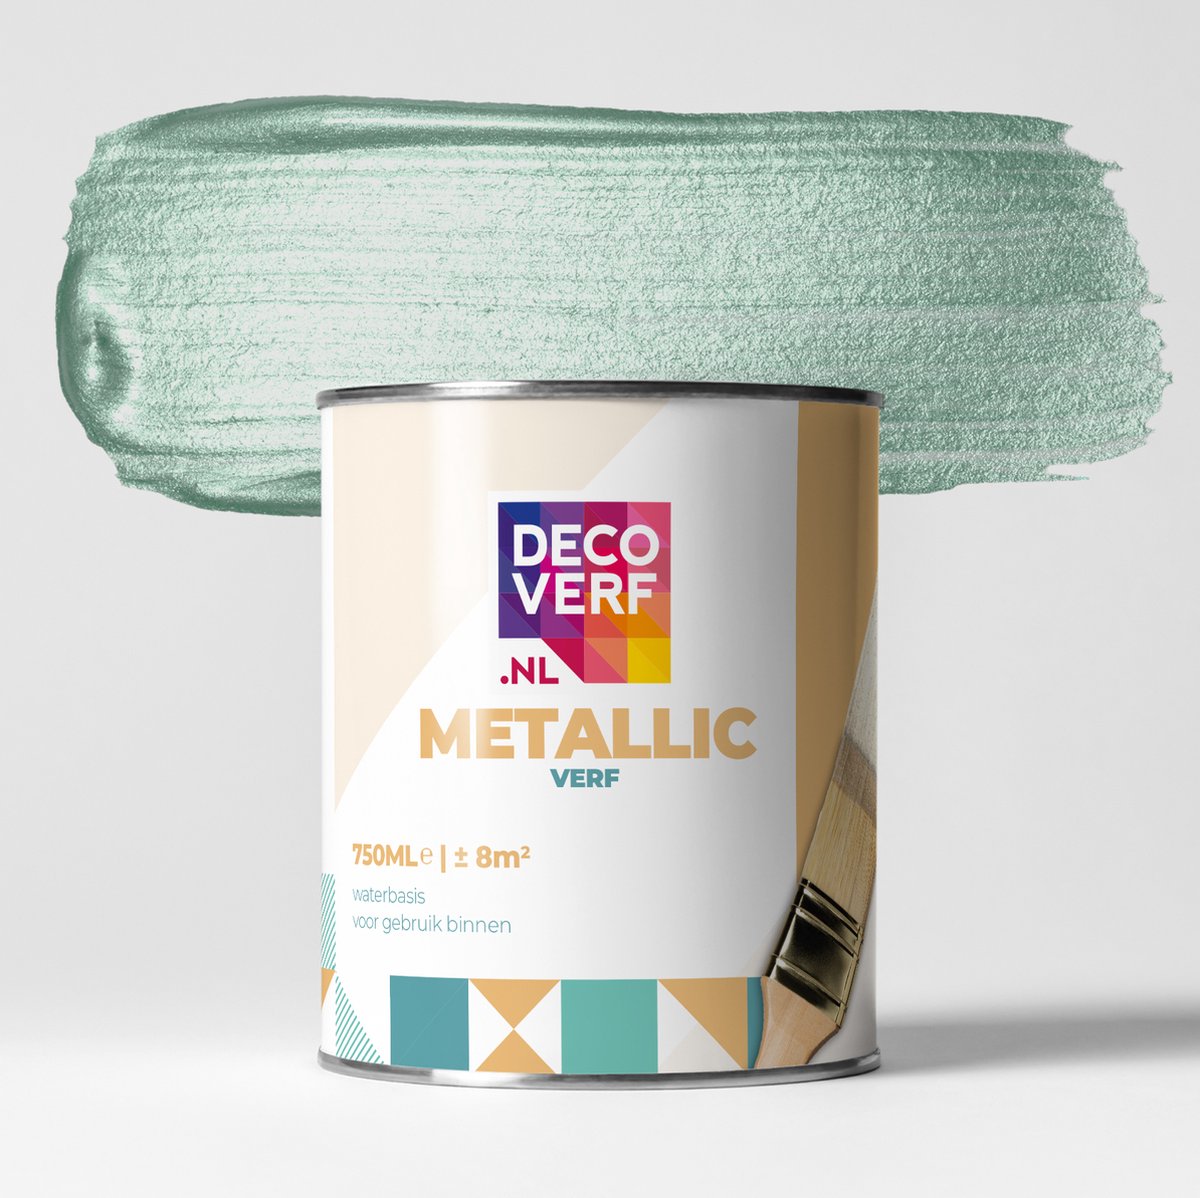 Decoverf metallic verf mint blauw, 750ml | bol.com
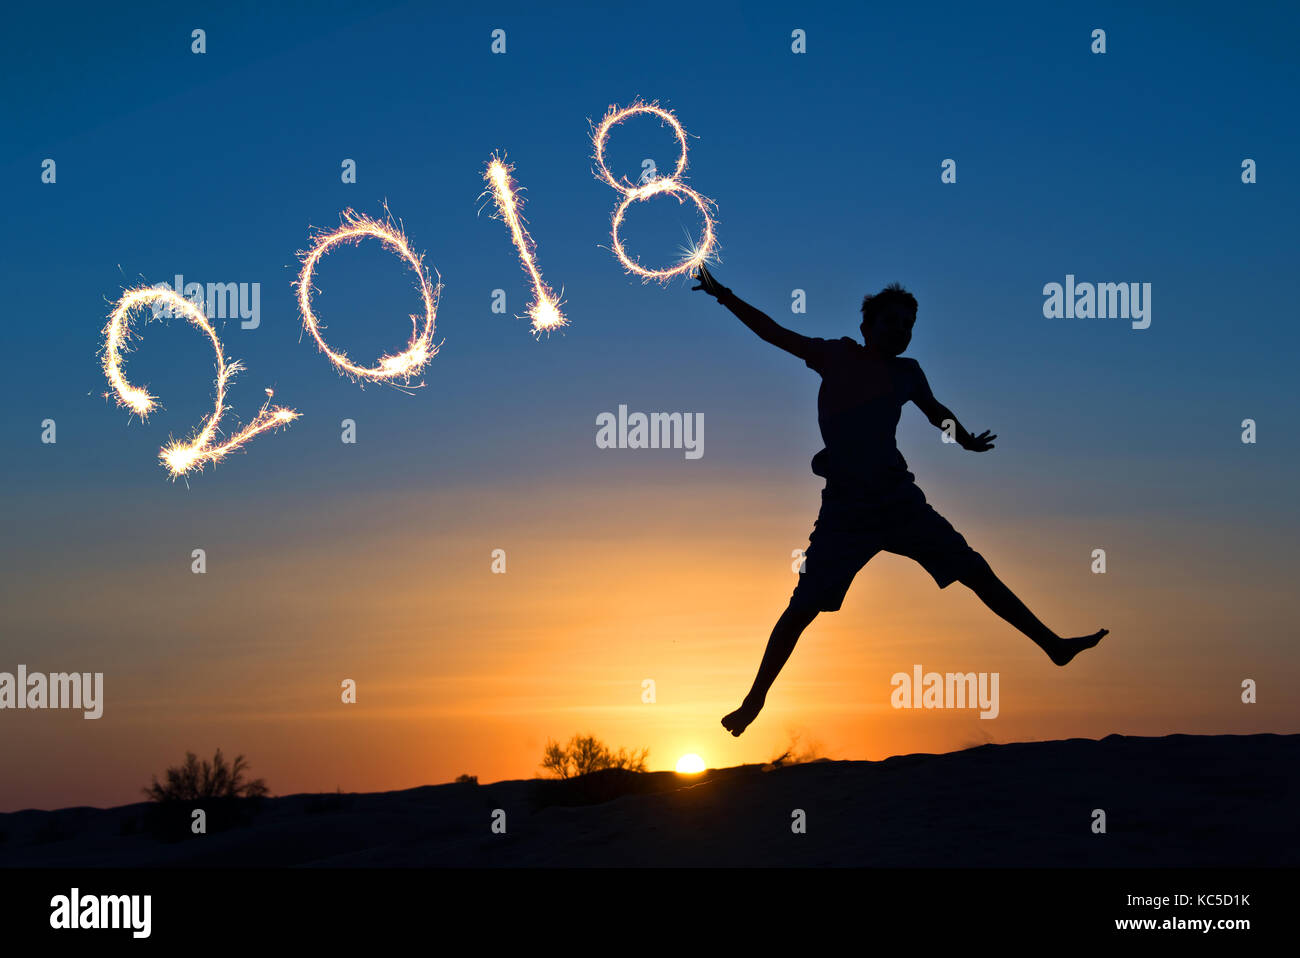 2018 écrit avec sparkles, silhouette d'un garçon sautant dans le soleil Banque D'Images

---

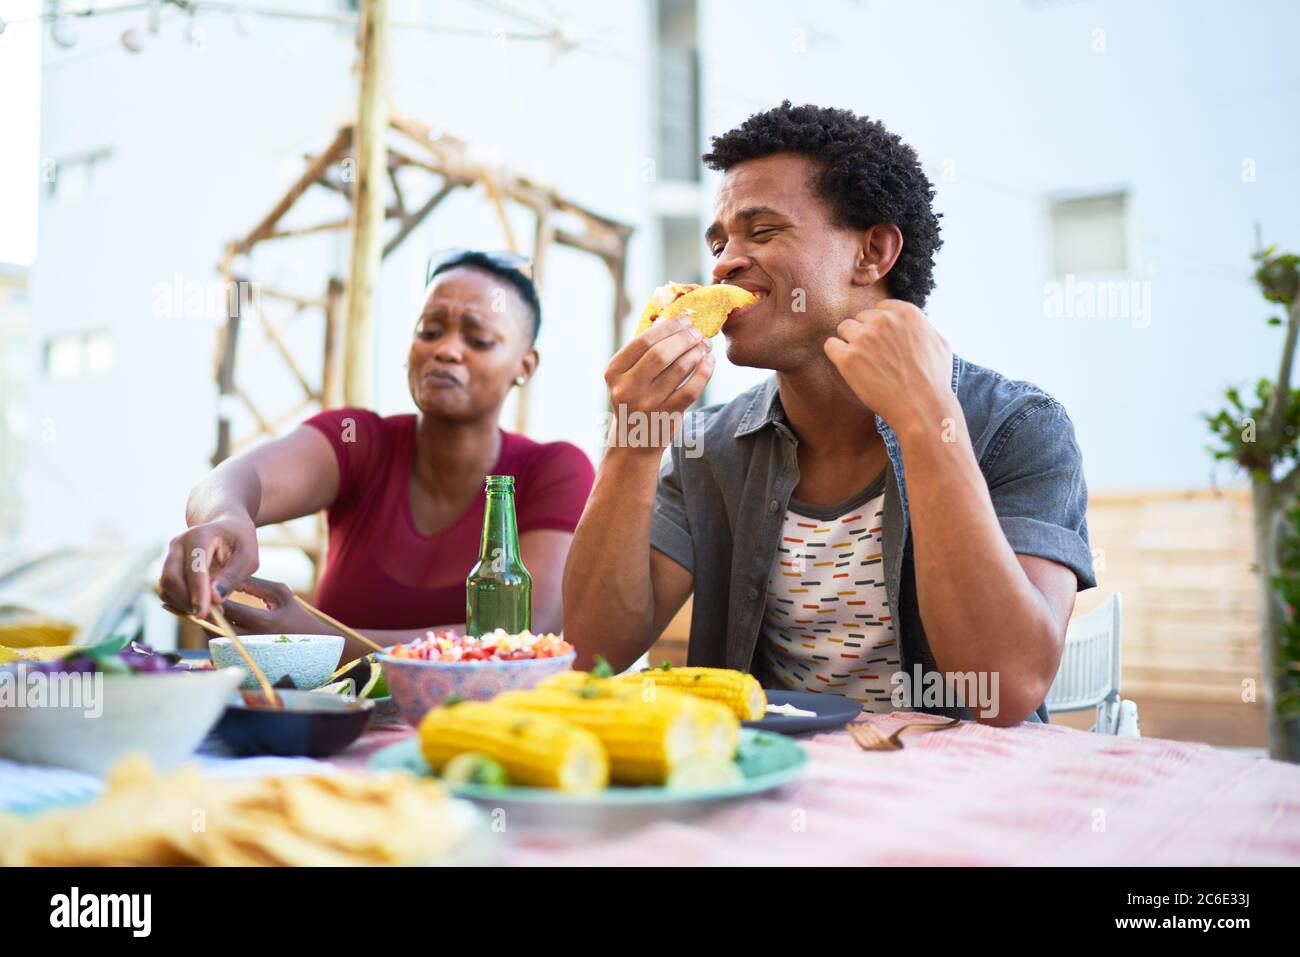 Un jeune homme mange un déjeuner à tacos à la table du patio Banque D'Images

*To do:* Each line above from the one containing "Decoverf metallic verf" through the one containing "2018 écrit avec" is to be returned verbatim. Nothing else, and no pictures.

*Task output:*
 Decoverf metallic verf mint blauw, 750ml | bol.com
 2018 écrit avec sparkles, silhouette d'un garçon sautant dans le soleil Banque D'Images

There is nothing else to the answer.